A.Assistive Technologies for Speakers with Articulatory Speech Disorders:

  • Speech is the natural form of verbal communication for human beings.
  • The process of speech production involves a phonetic plan and a motor plan.
  • The phonetic plan refers to the formulation of the message in the brain, whereas the motor plan refers to the process of uttering the formulated message using speech organs.
  • Any difficulty along the motor plan of speech production creates a condition called speech disorder.
  • This dysfunction not only inhibits a person from expressing their thoughts, needs, and desires but also limits their opportunities in education, employment, and recreation.
  • As per the survey conducted by the Government of India in 2011, speech disorder is listed as the fifth-highest disability, with a prevalence rate of 7.5% (Government of India) and among the spectrum of speech disorders, articulation disorders were found to have a higher occurrence rate of 18.7%.
  • Articulation disorder is caused due to improper control in the motor plan leading to an imprecise or irregular production of speech sound units resulting in unintelligible speech.
  • Dysarthria, a neuromotor speech articulatory disorder caused due to cerebral palsy or stroke, leads to an imprecise or irregular production of speech sound units.
  • Dysarthric speakers inadvertently substitute, insert, or delete sound units while speaking, making their speech unintelligible to the listeners.
  • The symptoms of dysarthria can range from mild slurring of speech sounds to complete inability to produce any intelligible words.
  • Based on the degree of severity, dysarthria can be classified as mild, moderate, moderate-to-severe, and severe.
  • Each dysarthric speaker is treated based on the cause, type, and severity of the disorder.
  • Since dysarthria is progressive (Cucchiara et al. 2020), early interventions, through speech therapies delivered by a speech-language therapist (SLT), can provide effective ways to regain their speech.
  • However, the efficacy of these treatments is dependent on the severity of the disorder and therefore, the outcome is subjective.
  • To provide objective and measurable therapy solutions, an automatic assessment tool using speech-based technologies will be developed.
  • To develop any assessment, therapy or assistive technologies for these speakers, the availability of a speech database is the foremost requirement.

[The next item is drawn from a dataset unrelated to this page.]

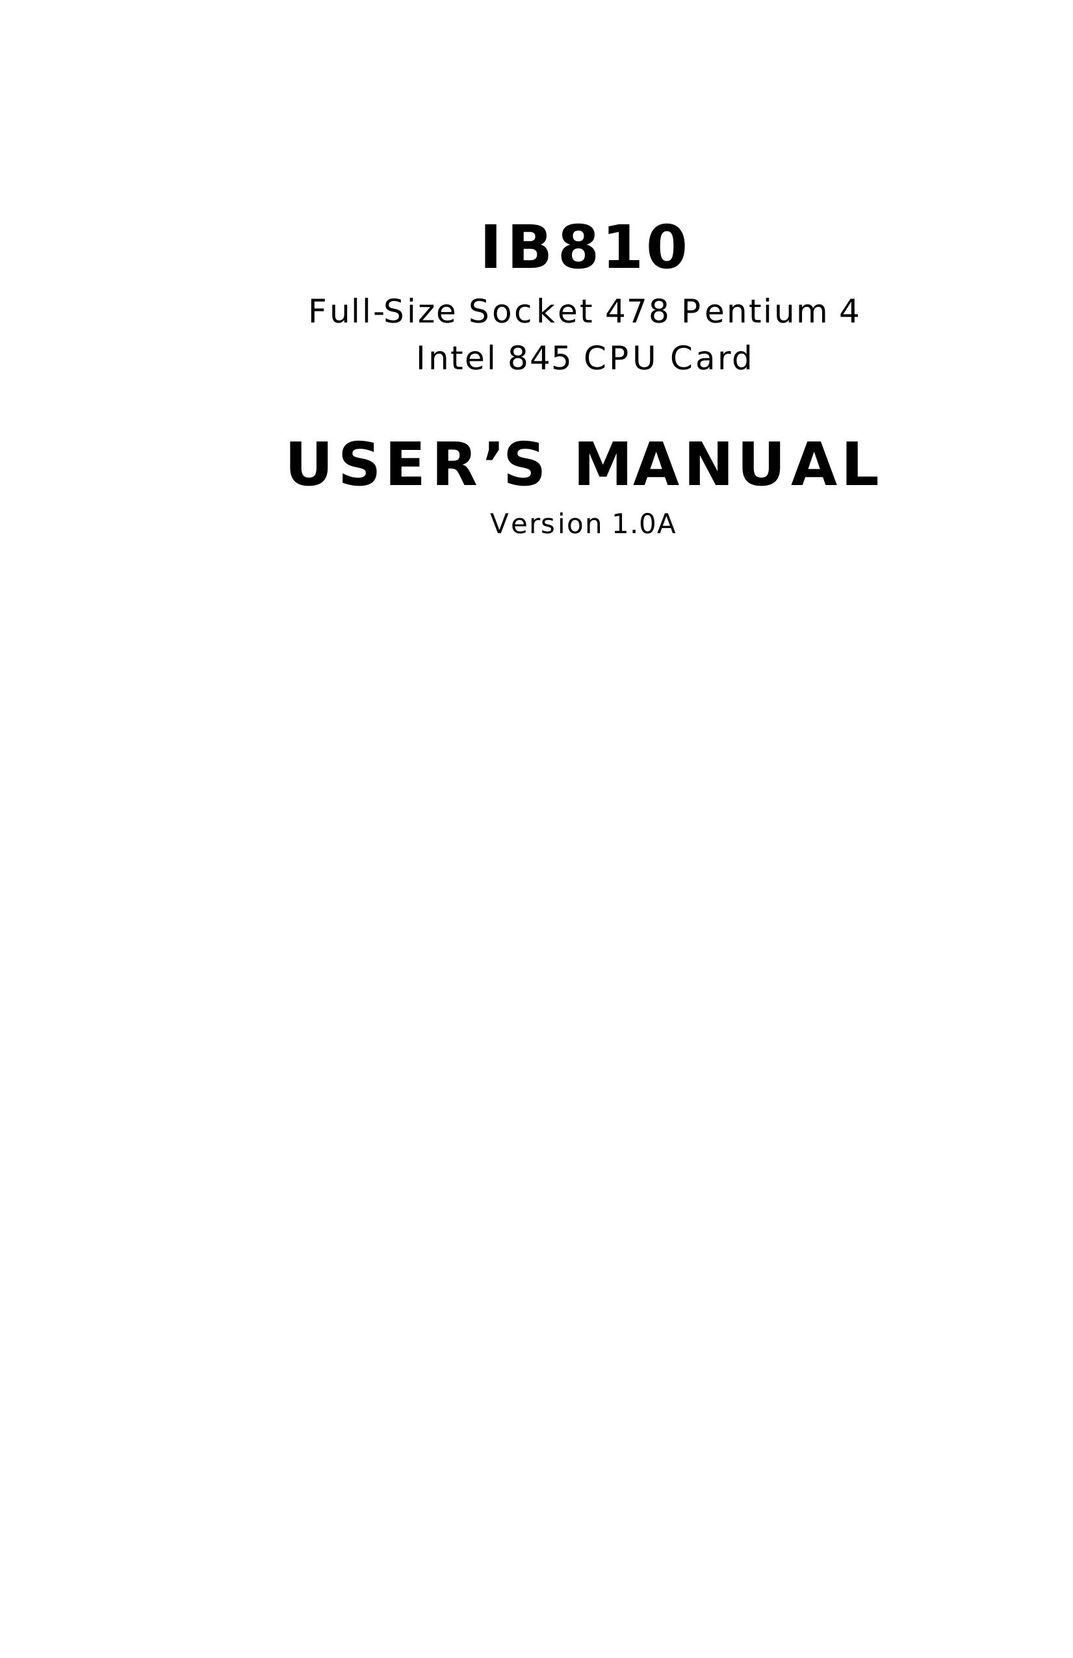 Socket Mobile IB810 Network Card User Manual

1. Development of Speech Database for Speakers with Articulatory Speech Disorders:

  • Dysarthria, a prevalent articulatory speech disorder, can be classified into 
    • Spastic
    • Hyperkinetic
    • Hypokinetic 
    • Ataxic,
    • Flaccid
    • Mixed based on the quality of speech being rendered.
  • Of these, the most prevalent types of dysarthria are spastic and ataxia.
  • Dysarthria might affect any of the speech subsystems (laryngeal, velopharyngeal or articulatory) of speech production, making the speech unintelligible.
  • Depending on the type and severity of the disordered dysarthric individuals substitute, delete or insert speech sound units.
  • In order to analyze these characteristics of dysarthria and to develop therapy and speech-enabled assistive technologies, an annotated speech database is a major requirement.
  • To that effect, the following steps are involved in developing a disordered speech database.
    • Identification of disordered individuals with varying degrees of disorder
    • Ethical clearance from the organization and parents
    • Formulation of text with enough phone and word examples to build assistive devices
    • Data recording
    • Data preprocessing
    • Intelligibility assessment by SLPs
    • Data annotation (segmentation and labeling at phone, word and sentence level)
  • Aim:   
    • Develop a speech database in Tamil (Dravidian language), Hindi (Indo-Aryan language), and Indian English.
  • Speech data will be collected from 20 speakers in each language with varying degrees of disorder.
  • Around 30 minutes of speech data (including words, phrases, and sentences having around five words at the maximum) will be collected from each of the speakers.
  • Further, data annotation will be carried out at the phone, word, and sentence levels for further analysis.
  • The annotated data will be available for public use for research and academic purposes.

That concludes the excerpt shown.